WORK TASK
From the line containing "GRAND BAZAR TEHRAN" through the last line of the listing, output each line exactly as it stands. Omit pictures.

──────── DATA EXTRACT

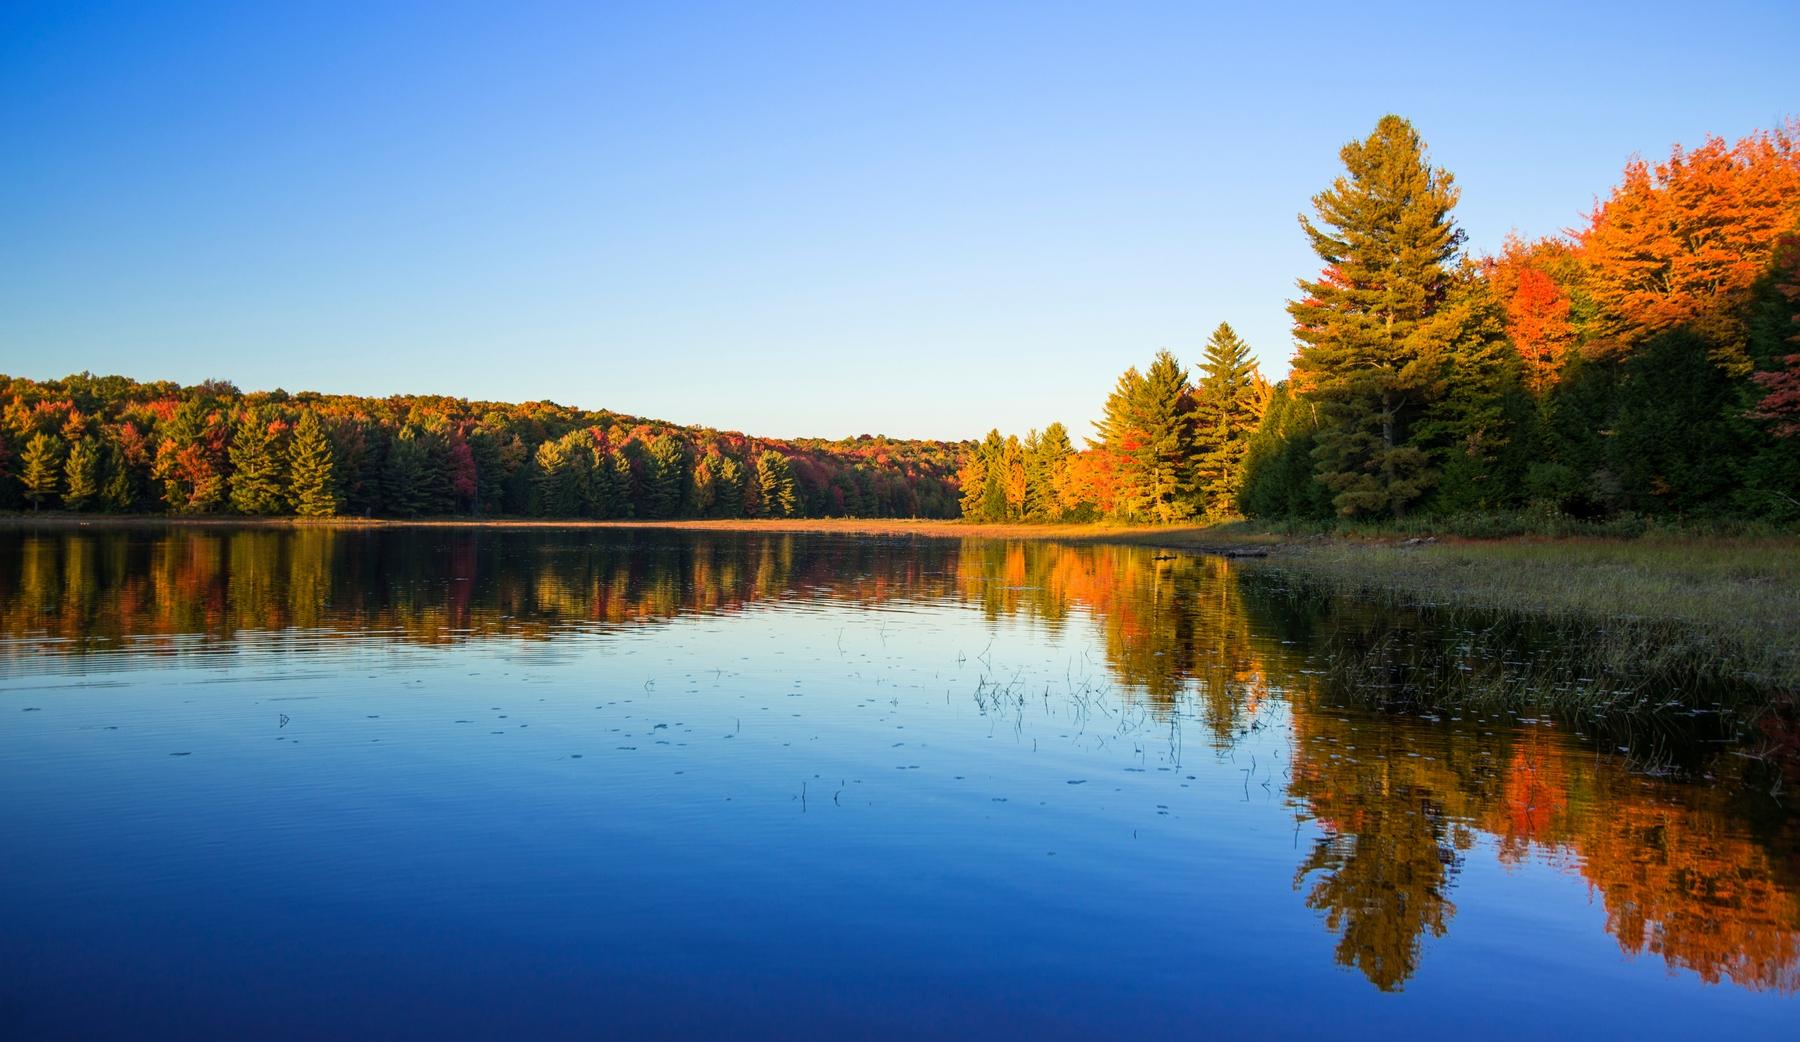 lake in Algonquin park in Ontario
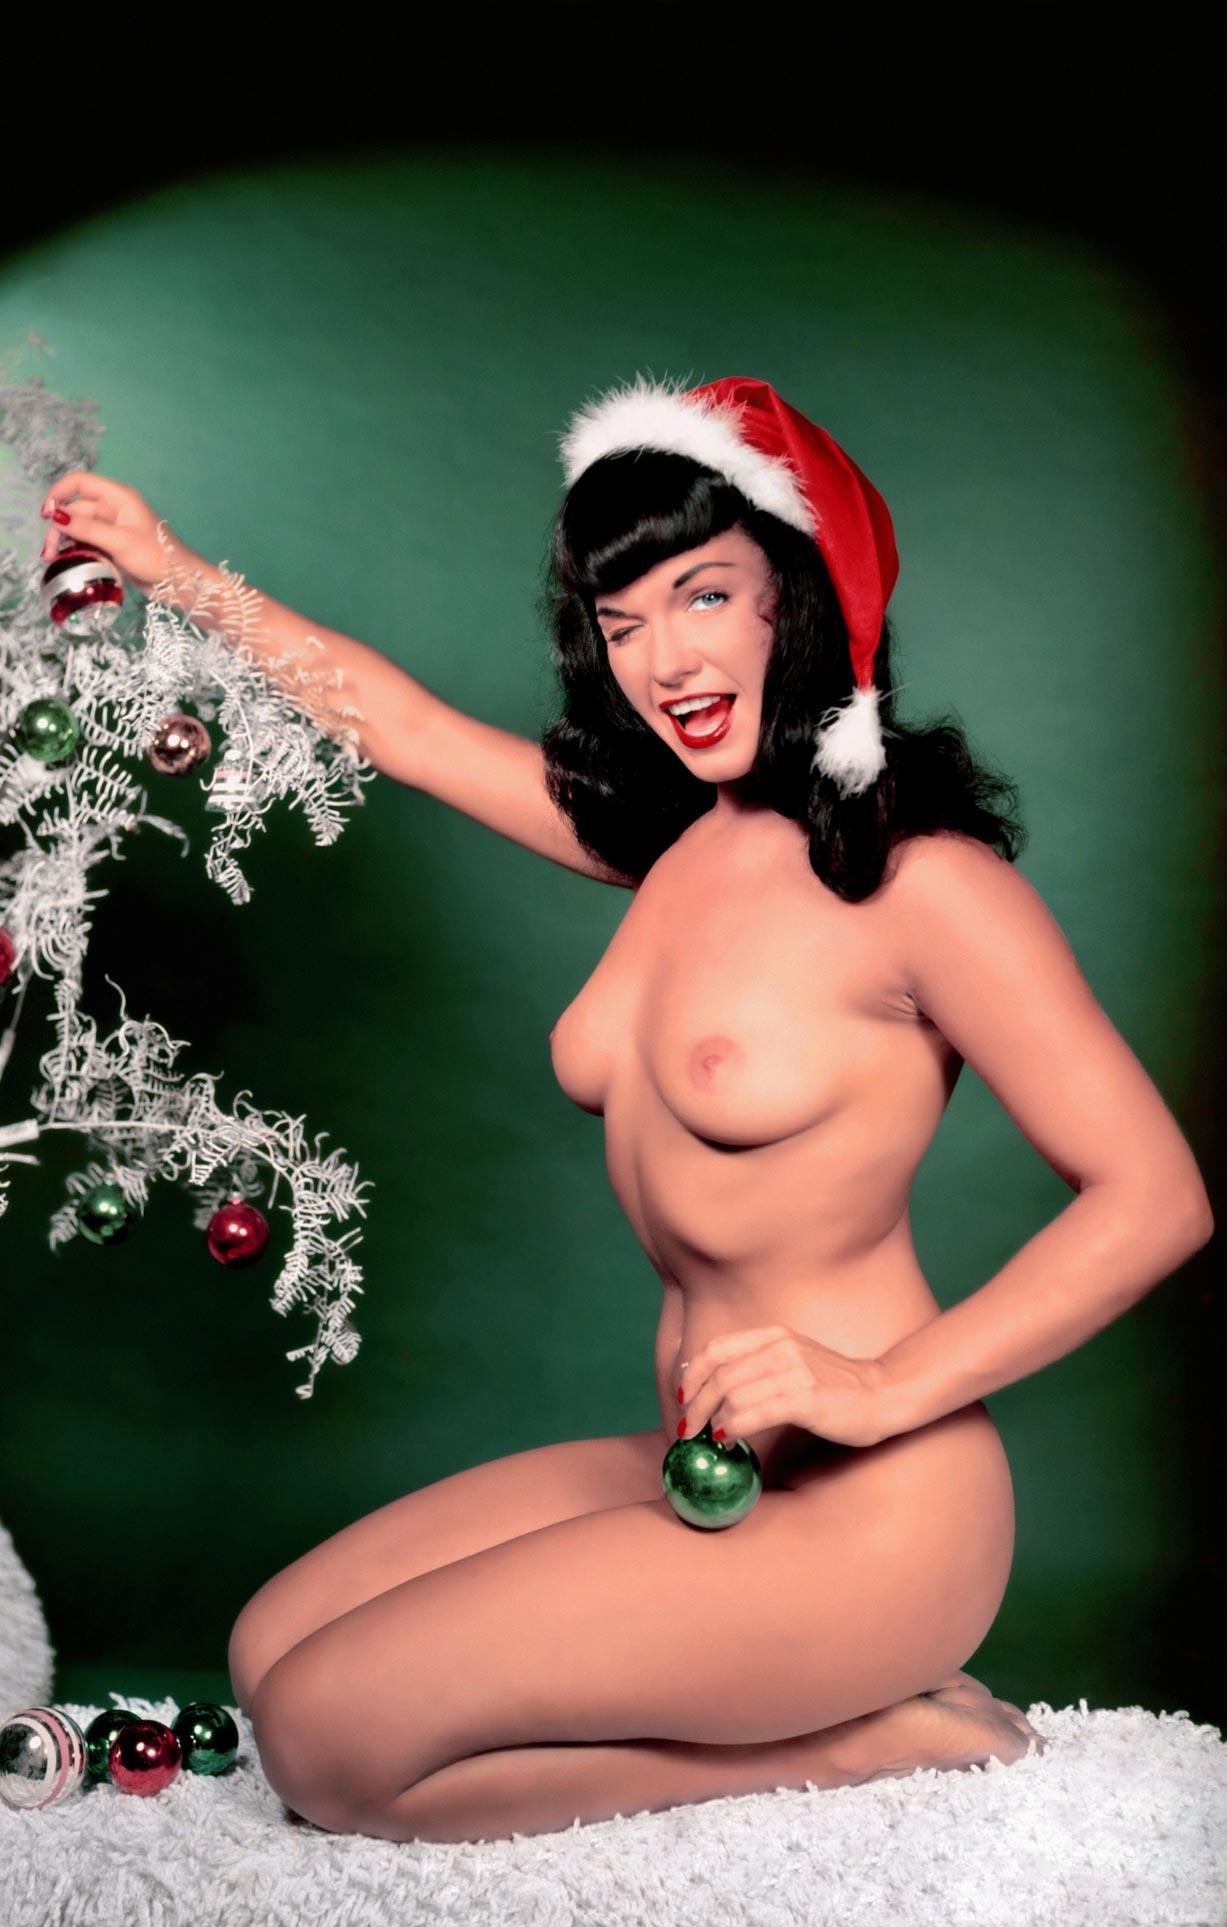 Playboy Playmate - Miss January 1955 | Bettie Page / Бетти Пейдж
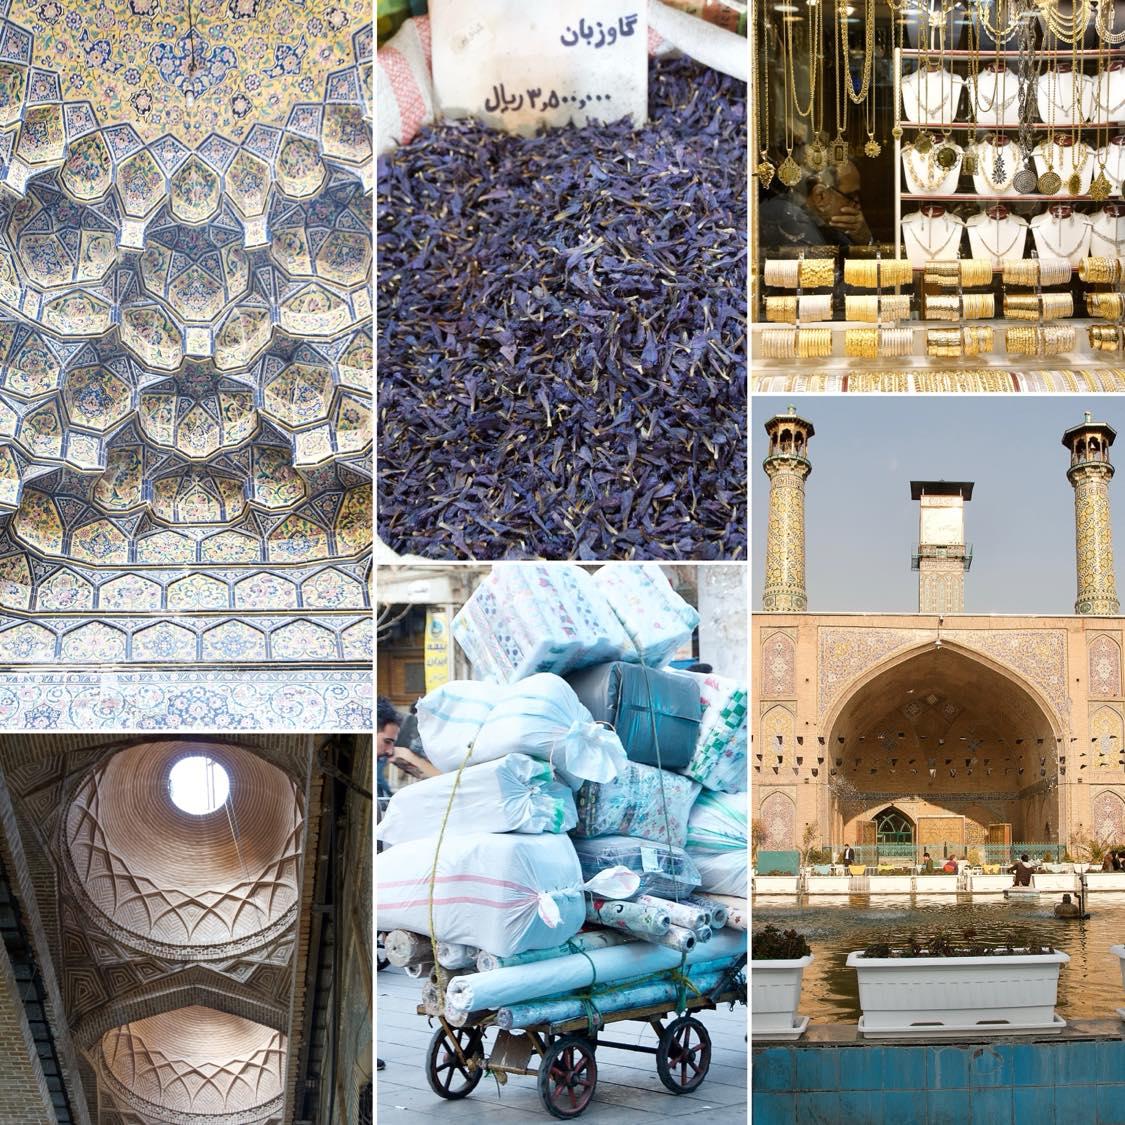 GRAND BAZAR TEHRAN – BAZAR-E BOZORG-E TEHRAN, Tehran, Reisebericht, Collage Tehran, Teheran
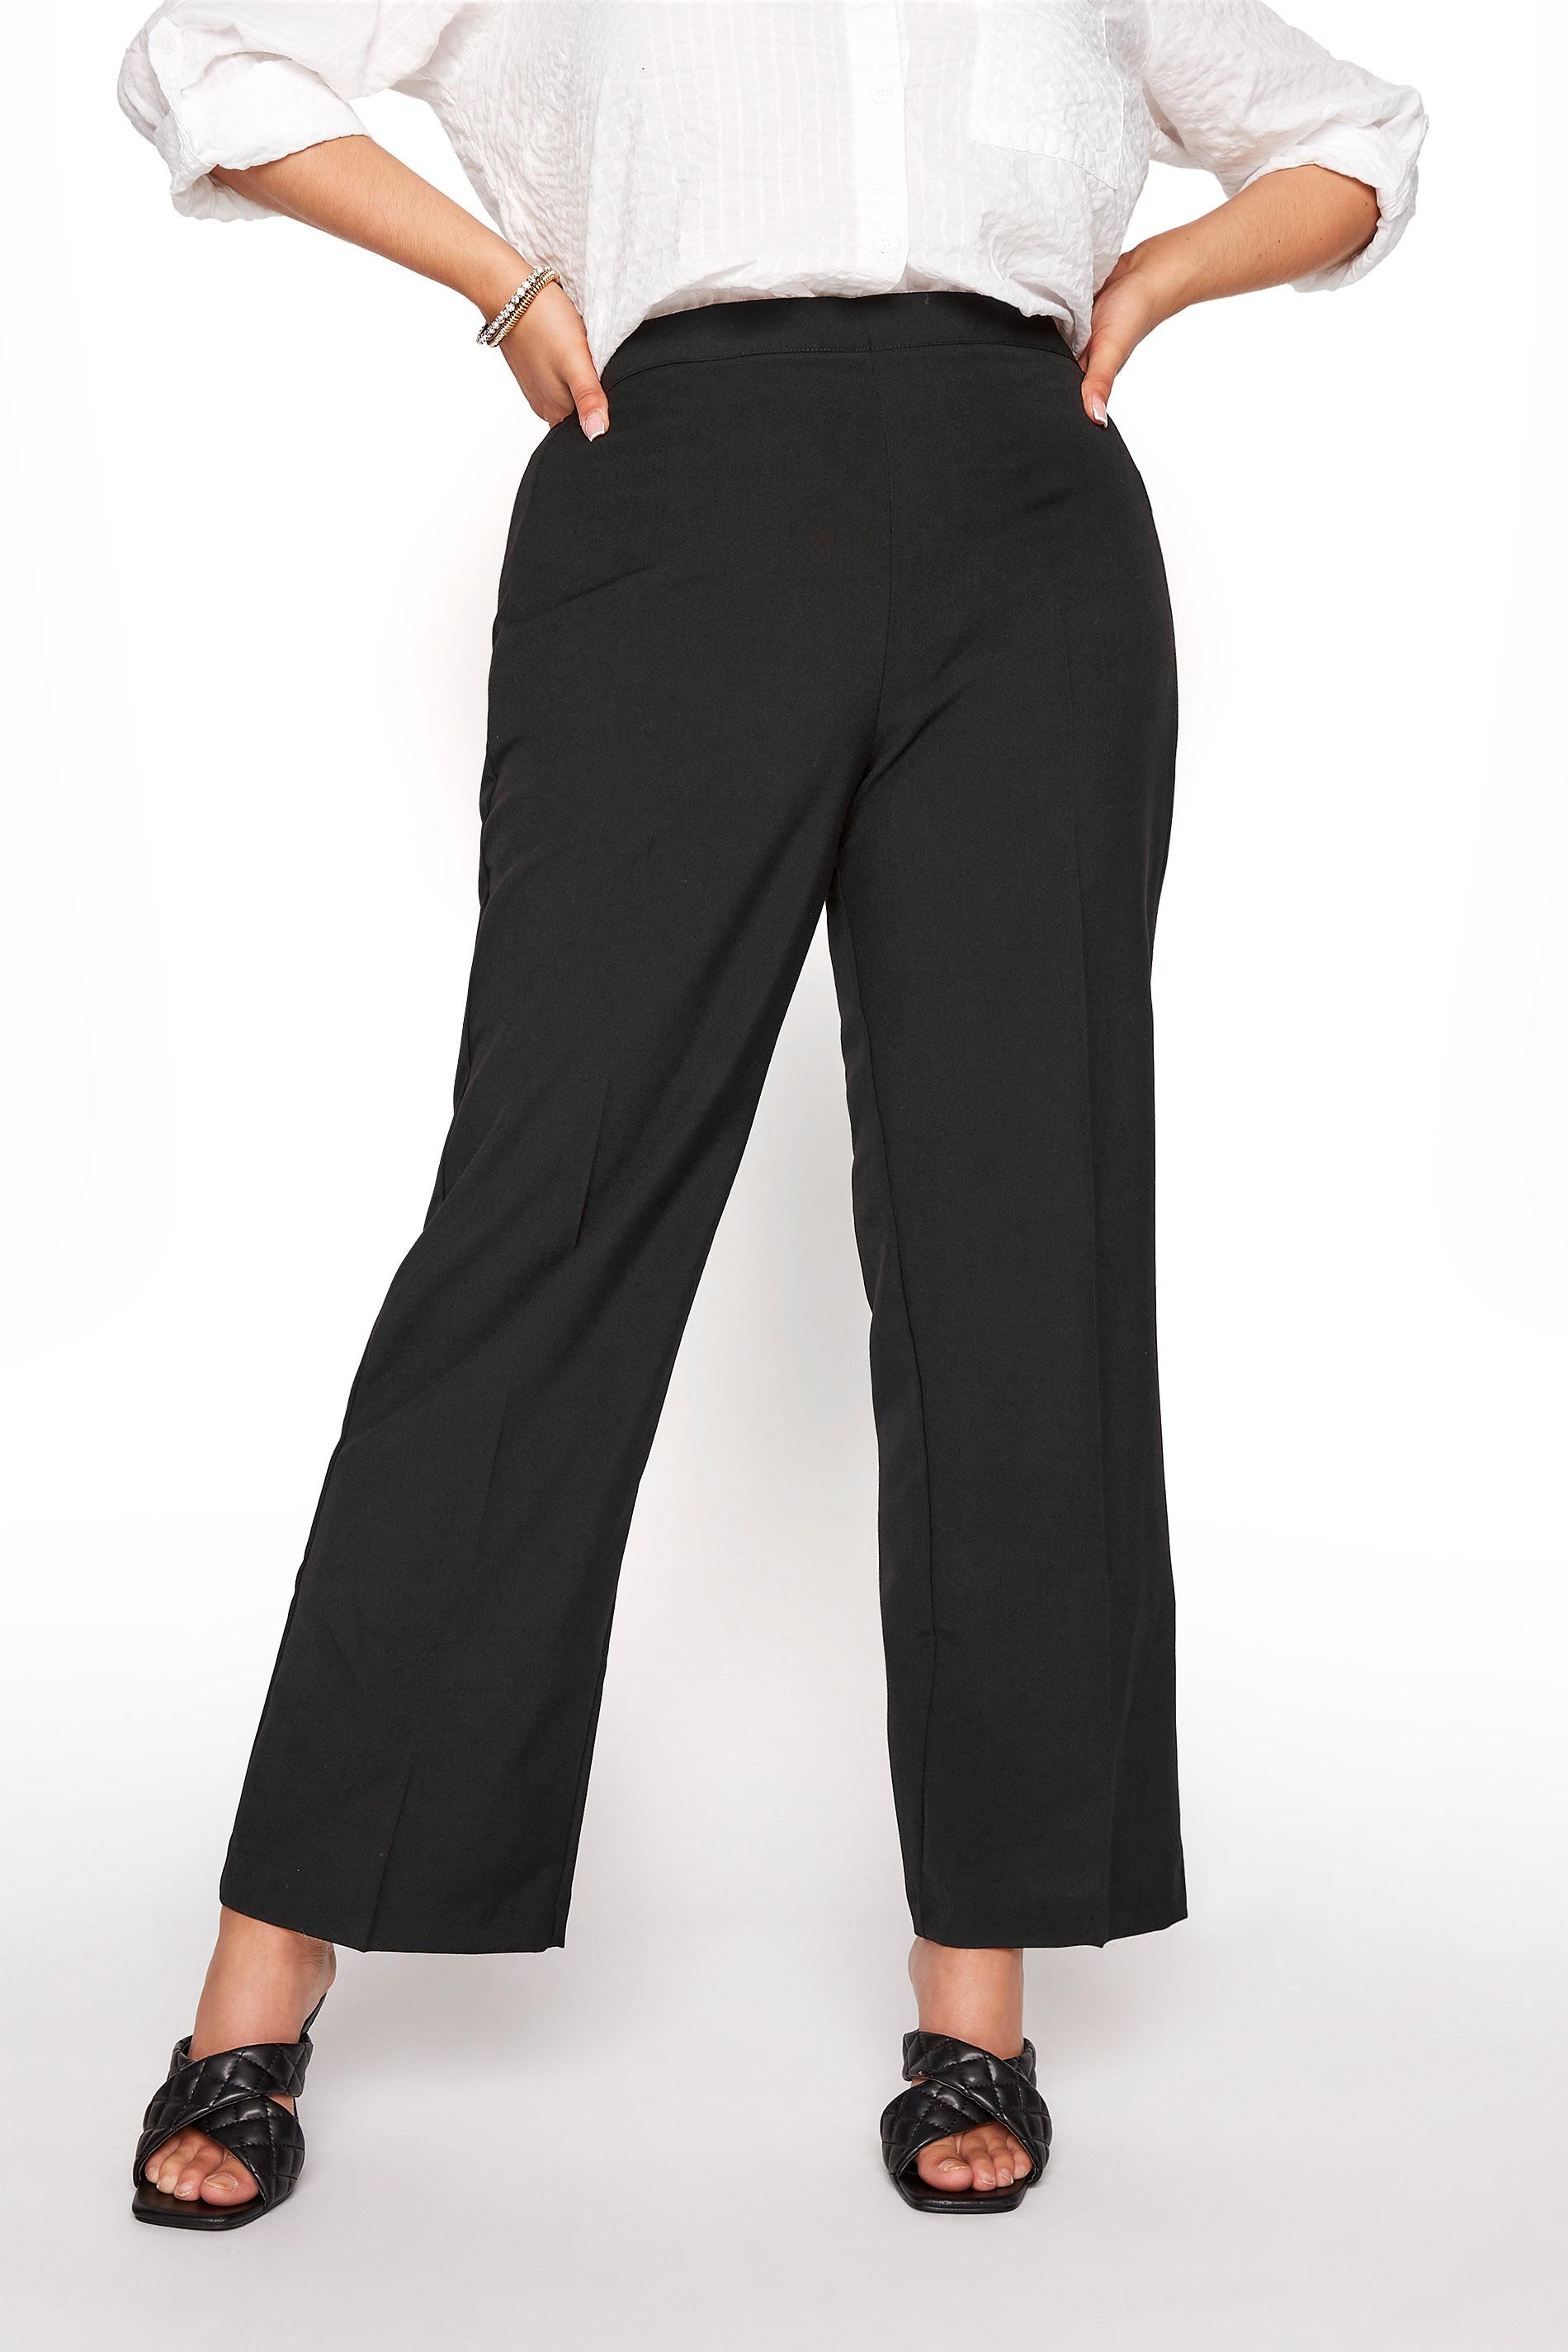 Black Classic Straight Leg Trousers With Elasticated Waistband_B.jpg

────────────────

ANSWER TO THIS TASK
 GRAND BAZAR TEHRAN – BAZAR-E BOZORG-E TEHRAN, Tehran, Reisebericht, Collage Tehran, Teheran
 Black Classic Straight Leg Trousers With Elasticated Waistband_B.jpg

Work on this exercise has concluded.